* _WHAT YOU HAVE TO DO_
Restate all the lines below word for word, but omit the pictures.

* _COLLECTED MATERIAL_
┄┄┄┄┄┄┄┄┄┄┄┄┄┄┄┄┄┄┄┄

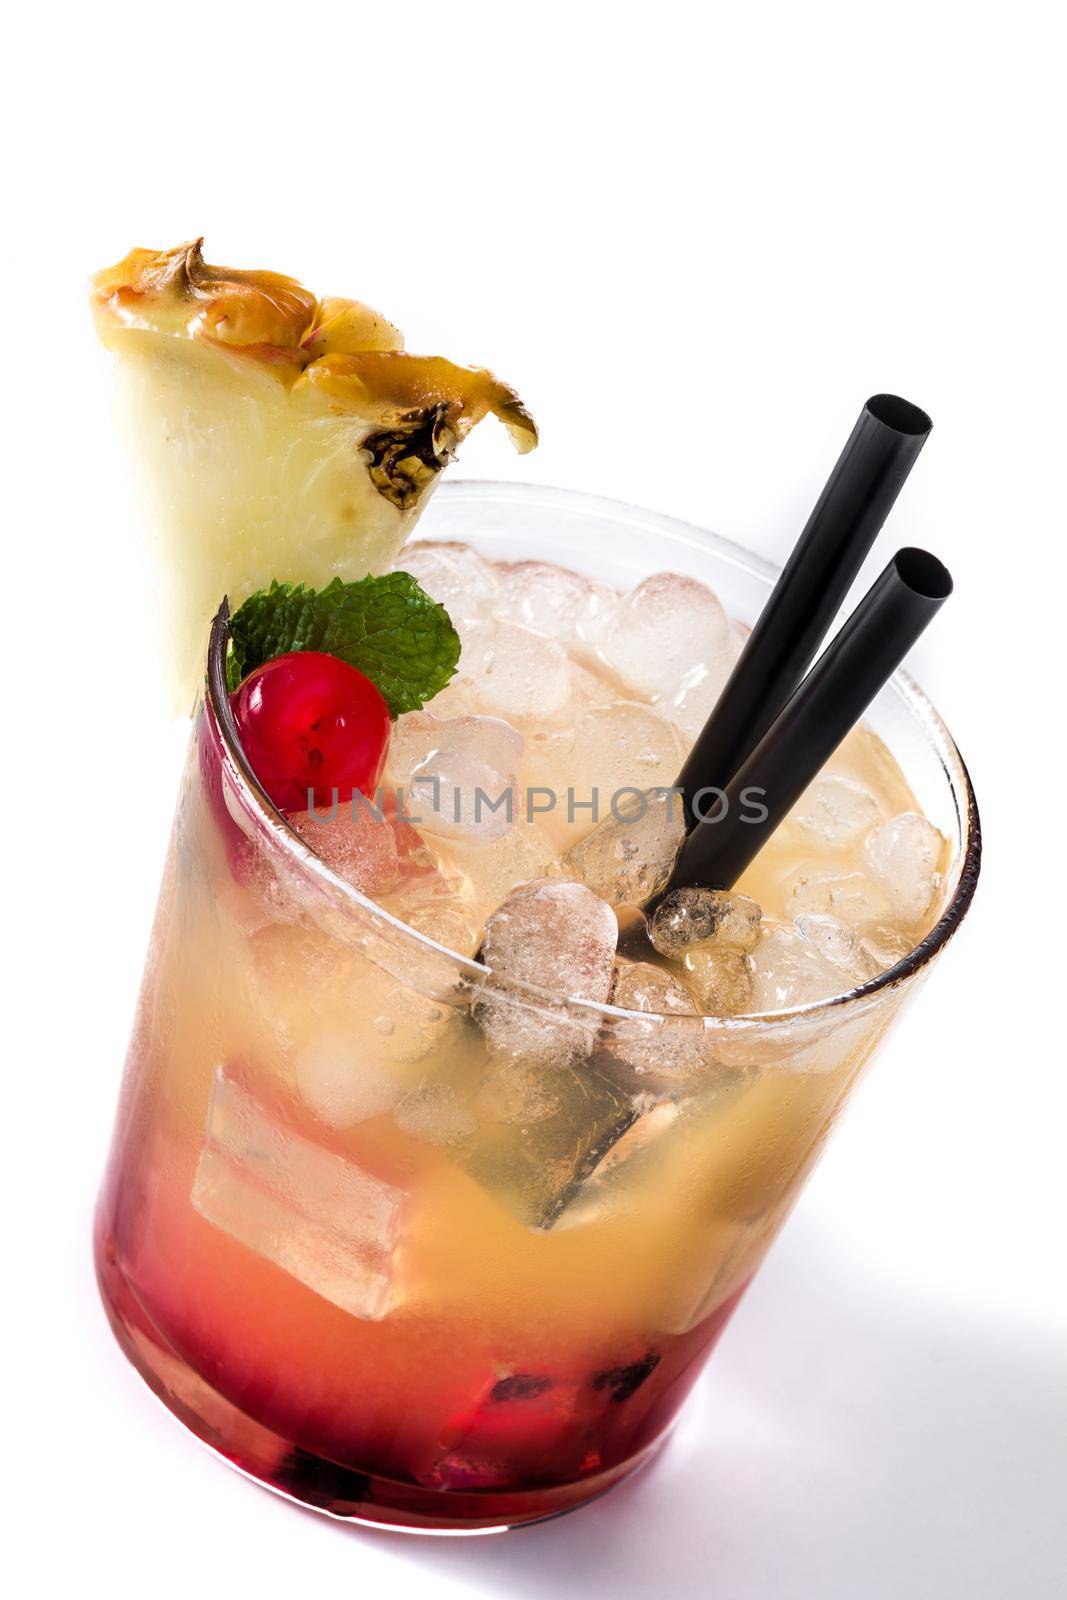 Cold mai tai cocktail with pineapple and cherry  by chandlervid85
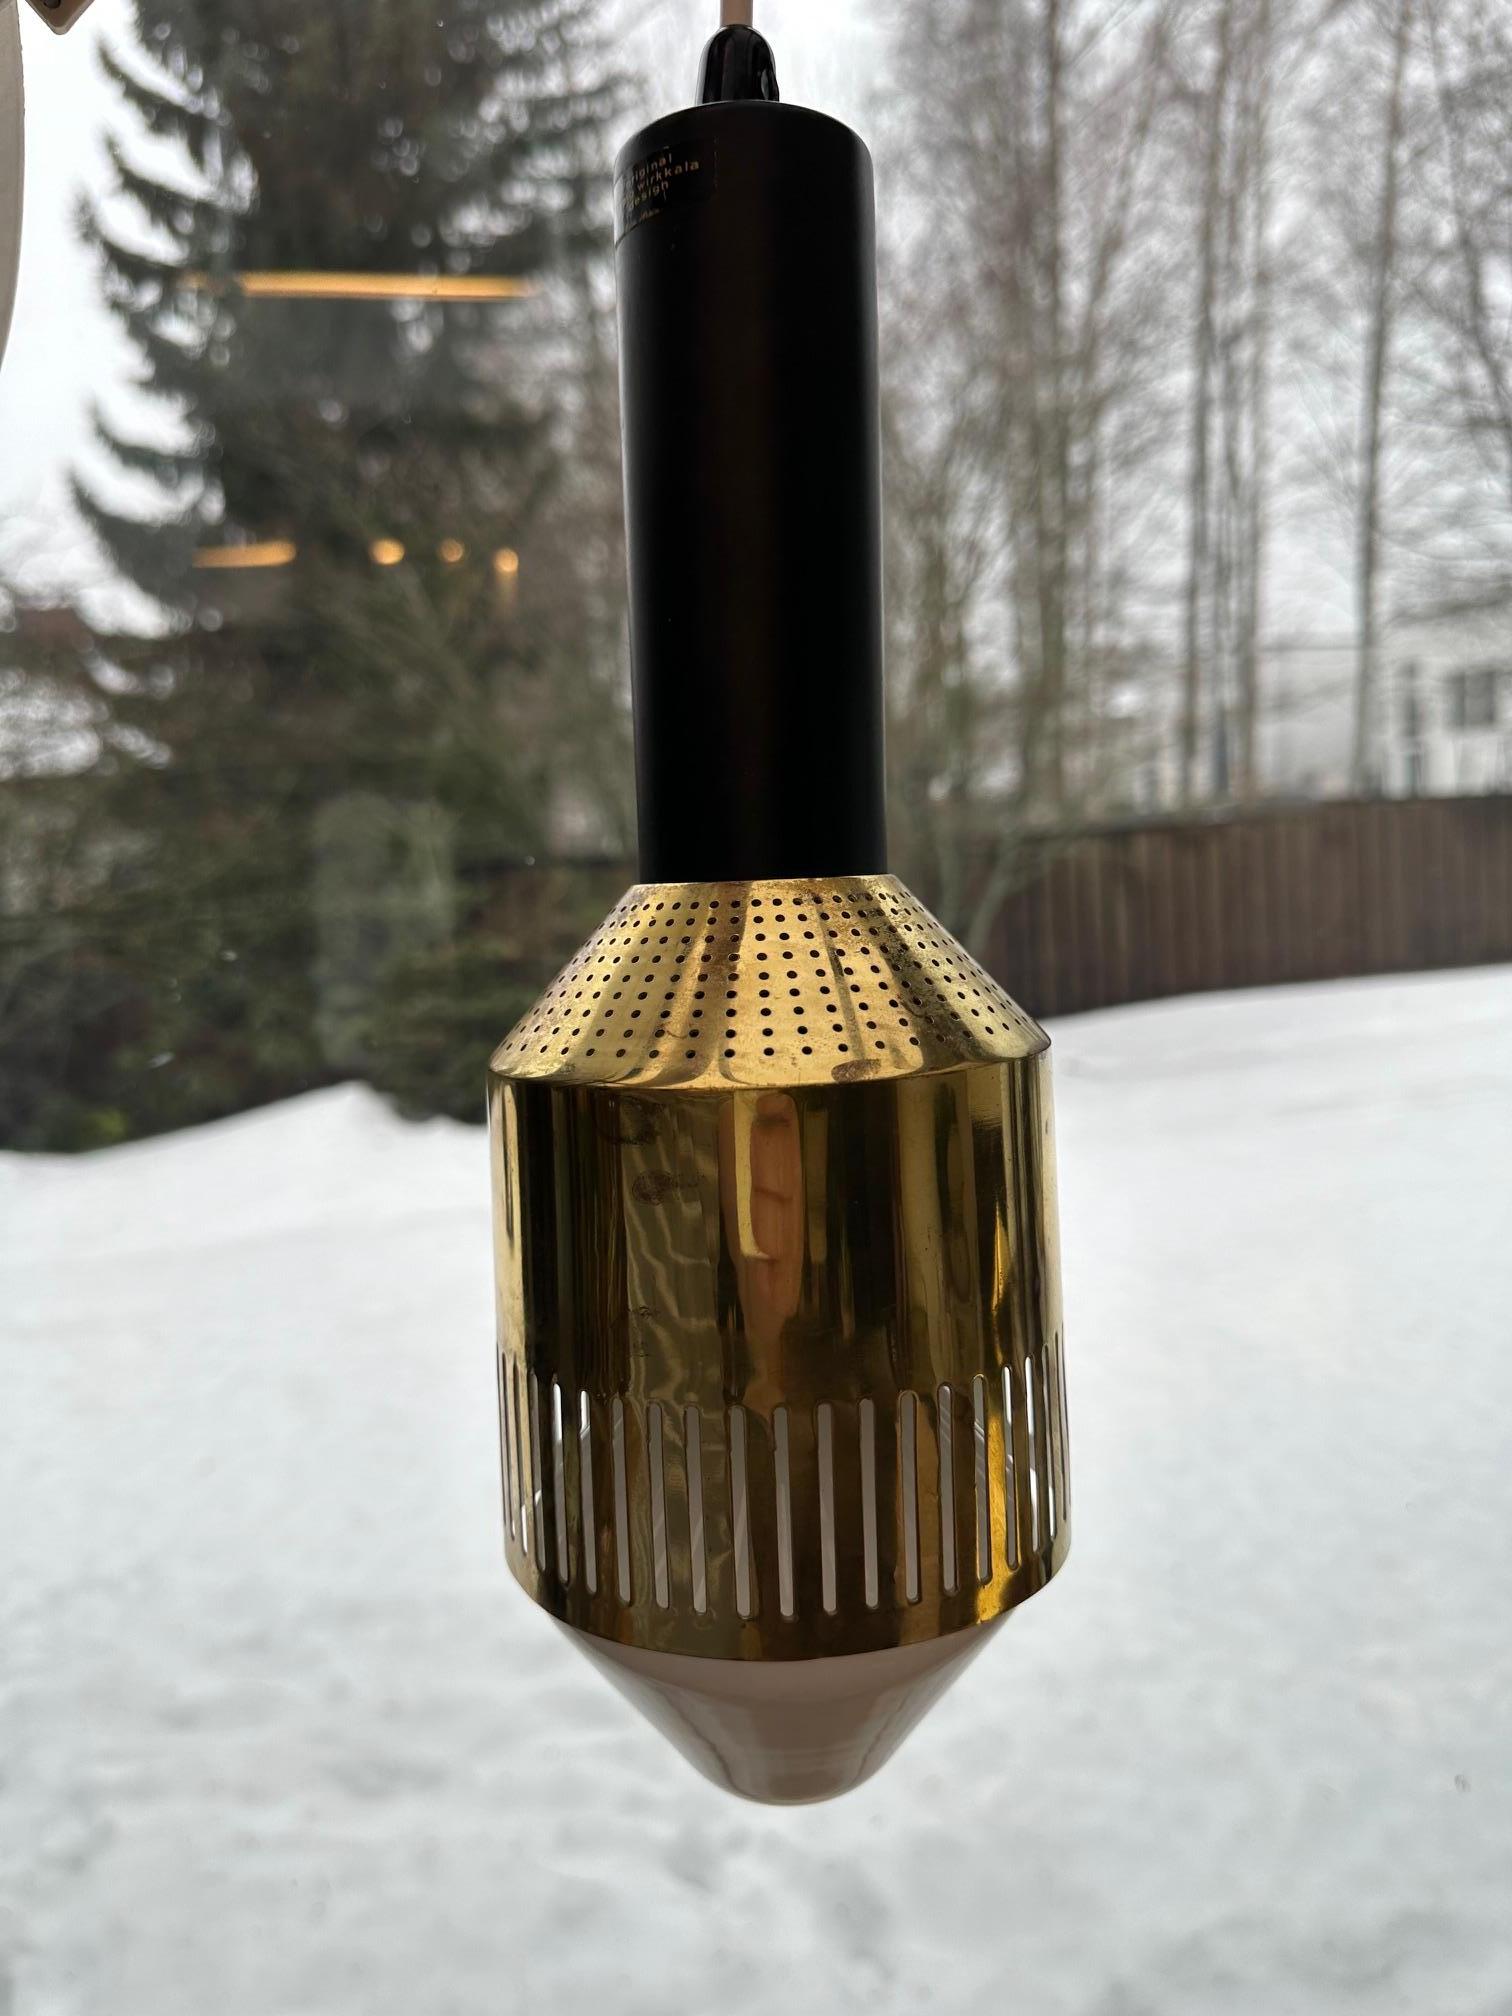 Tapio Wirkkala Rare Ceiling Lamp by Idman Oy Finland 1959-1961 In Good Condition For Sale In Espoo, FI
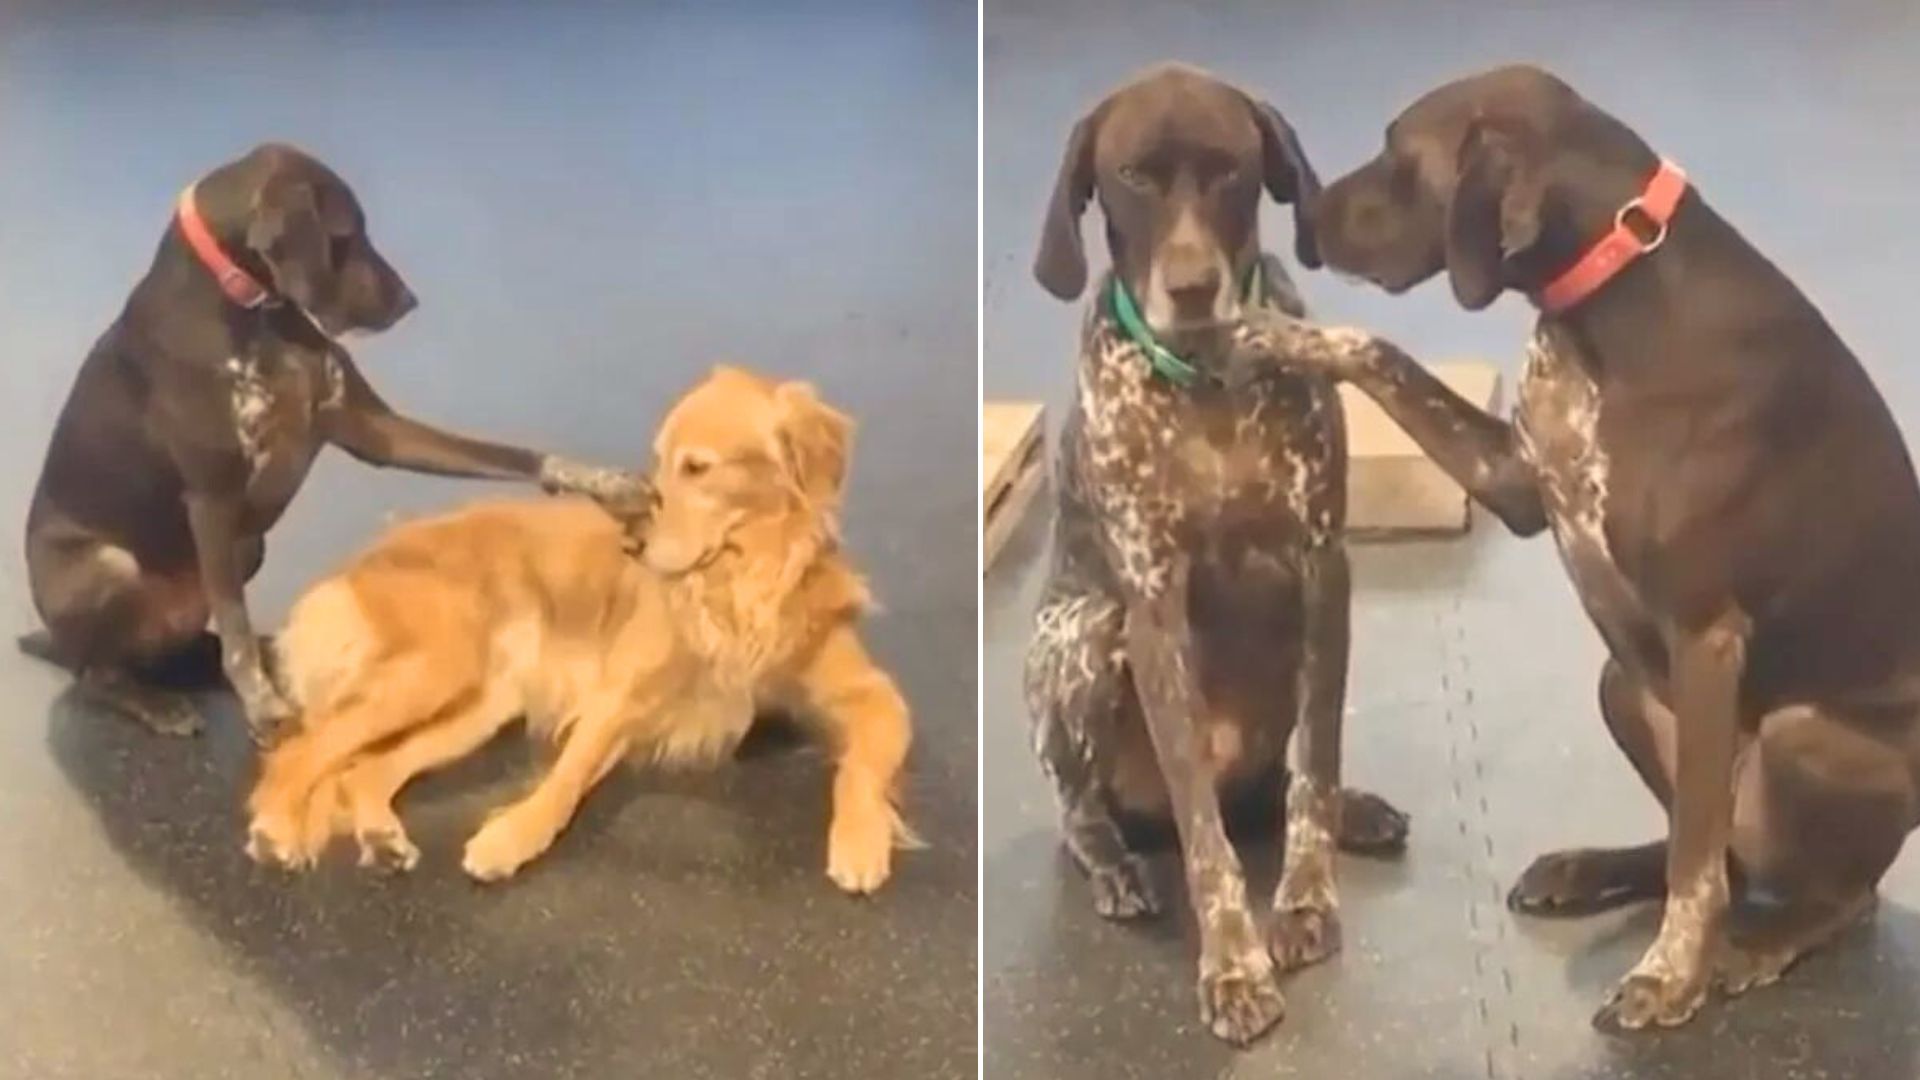 Affectionate Dog Enjoys Petting The Other Pups And They Seem To Love It Too

┄┄┄┄┄┄┄┄┄┄┄┄┄┄┄┄┄┄┄┄

* _RESULT_
 Cold mai tai cocktail with pineapple and cherry  by chandlervid85
 Tapio Wirkkala Rare Ceiling Lamp by Idman Oy Finland 1959-1961 In Good Condition For Sale In Espoo, FI
 Affectionate Dog Enjoys Petting The Other Pups And They Seem To Love It Too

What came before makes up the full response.